On Wed, 2 Oct 2013 11:19:58 -0400, Kevin Grittner <kgrittn@ymail.com> wrote:
> David Rysdam <drysdam@ll.mit.edu> wrote:
>
> > We have a by-our-standards large table (about 40e6 rows). Since it is
> > the bottleneck in some places, I thought I'd experiment with
> > partitioning.
>
> In my personal experience I have gone into hundreds of millions of
> rows with good performance without partitioning. It's all about
> designing good indexes for the workload.
Well, our performance is still good. Certainly better than a lot of
projects I've seen even with less data. But it's still our "worst" table
and I have some free time to experiment...

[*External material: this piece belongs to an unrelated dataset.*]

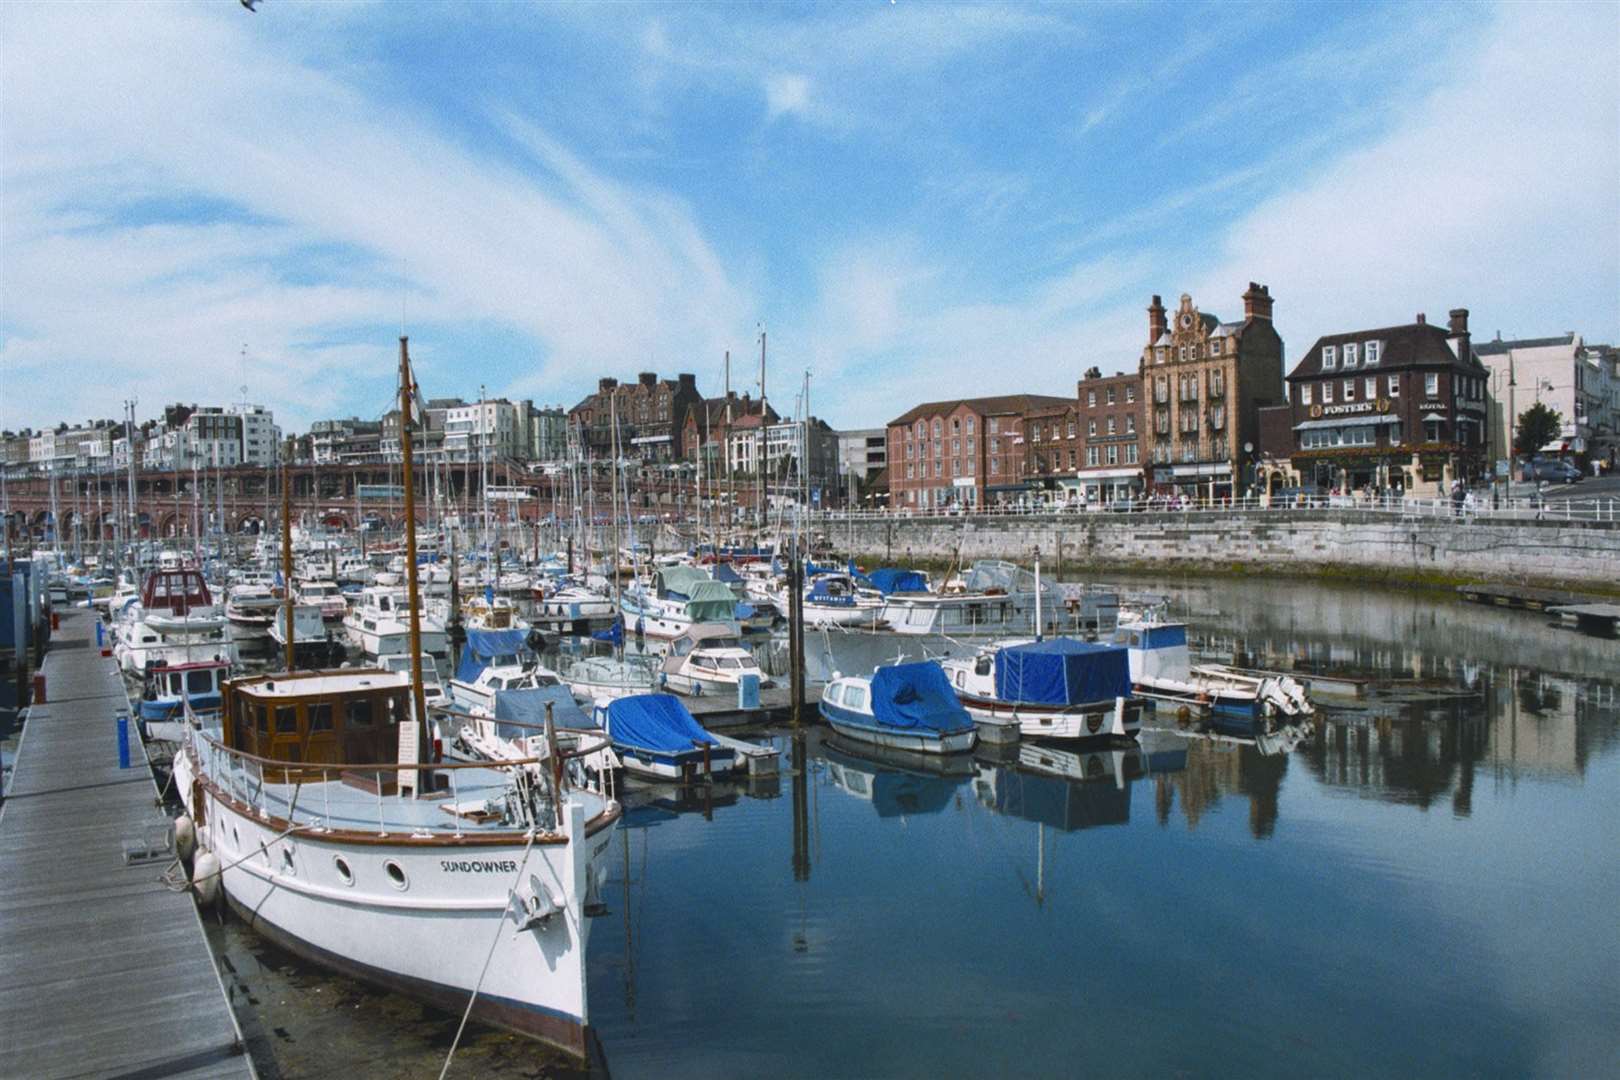 Active Ramsgate is estimated to have boosted the town's economy by £1.2 million

> > Because object number figure so prominently, I thought I'd partition on
> > that. To me, it makes the most sense from a load-balancing perspective
>
> Load balancing? Hitting a single partition more heavily improves
> your cache hit ratio. What sort of benefit are you expecting from
> spreading the reads across all the partitions? *Maybe* that could
> help if you carefully placed each partition table on a separate set
> of spindles, but usually you are better off having one big RAID so
> that every partition is spread across all the spindles
> automatically.
Now that you spell it out, I guess that does make more sense. I had some
vague notion of tables "doing work" but really if it can load one
partition into RAM and get most of my hits from there, it'd be a big
win.
> > Lower numbers are going to be queried much less often than higher
> > numbers.
>
> This suggests to me that you *might* get a performance boost if you
> define partitions on object number *ranges*. It still seems a bit
> dubious, but it has a chance.
Would the planner be smart enough to figure out ranges without me having
to "hint" my queries?
In any case, my speed tests are coming out the opposite what I
expected. Within-partition queries are taking longer than the whole
table did while across-partition queries are faster. I'll have to do
more thinking on that.